Red Sox proven immediately wrong by Marcelo Mayer triumph

· Yahoo Sports

Red Sox proven immediately wrong by Marcelo Mayer triumph originally appeared on The Sporting News. Add The Sporting News as a Preferred Source by clicking here.

The Boston Red Sox fell into a simple trap on Opening Day.

Visit fish-roadgame.online for more information.

There was a left-handed pitcher on the mound, Cincinnati's Andrew Abbott, and so they sat promising prospect Marcelo Mayer because he bats left-handed. Isiah Kiner-Falefa started at second base instead.

It's an easy mistake to make, and Mayer quickly proved it to be the wrong call.

He was called upon to pinch-hit when the game was 0-0, then he doubled and came around to score.

Mayer got one more at bat, singled, and scored again.

And sure, those hits came off relievers, not the southpaw starter. But Mayer isn't the only player around baseball who was sent to the bench on Opening Day for a platoon matchup.

Sure, that might be the season-long strategy, and maybe it's warranted.

But there's something different about Opening Day. Hope springs eternal. It's worth letting the players who earned the overall starting jobs be in the lineup, whether the platoon matchup favors them or not.
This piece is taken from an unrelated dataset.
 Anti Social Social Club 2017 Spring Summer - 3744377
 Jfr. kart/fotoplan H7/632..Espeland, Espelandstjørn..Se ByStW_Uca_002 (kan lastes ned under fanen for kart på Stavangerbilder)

MORE: Mike Trout, Tiger Woods, and Superman without his cape

Mayer, as a top prospect, certainly deserves starts over IKF, a journeyman infielder. Boston doesn't have upside with Kiner-Falefa in the lineup, but it does with Mayer.

There's nothing wrong with being a bit unusual in an Opening Day lineup. The Los Angeles Dodgers started Miguel Rojas, who likely won't start the rest of the season against a right-hander when everyone is healthy, simply as a reward for his World Series heroics as he embarks upon what is likely his final MLB season.

Mayer is at the opposite end of the timeline from Rojas, but the point remains. Play the guys that deserve to be in the lineup.

Boston kept Mayer up in MLB because he earned his spot. And shoot, even if there's a lefty, let the kid play. He's got star potential, and he's got to play to have a chance at realizing it.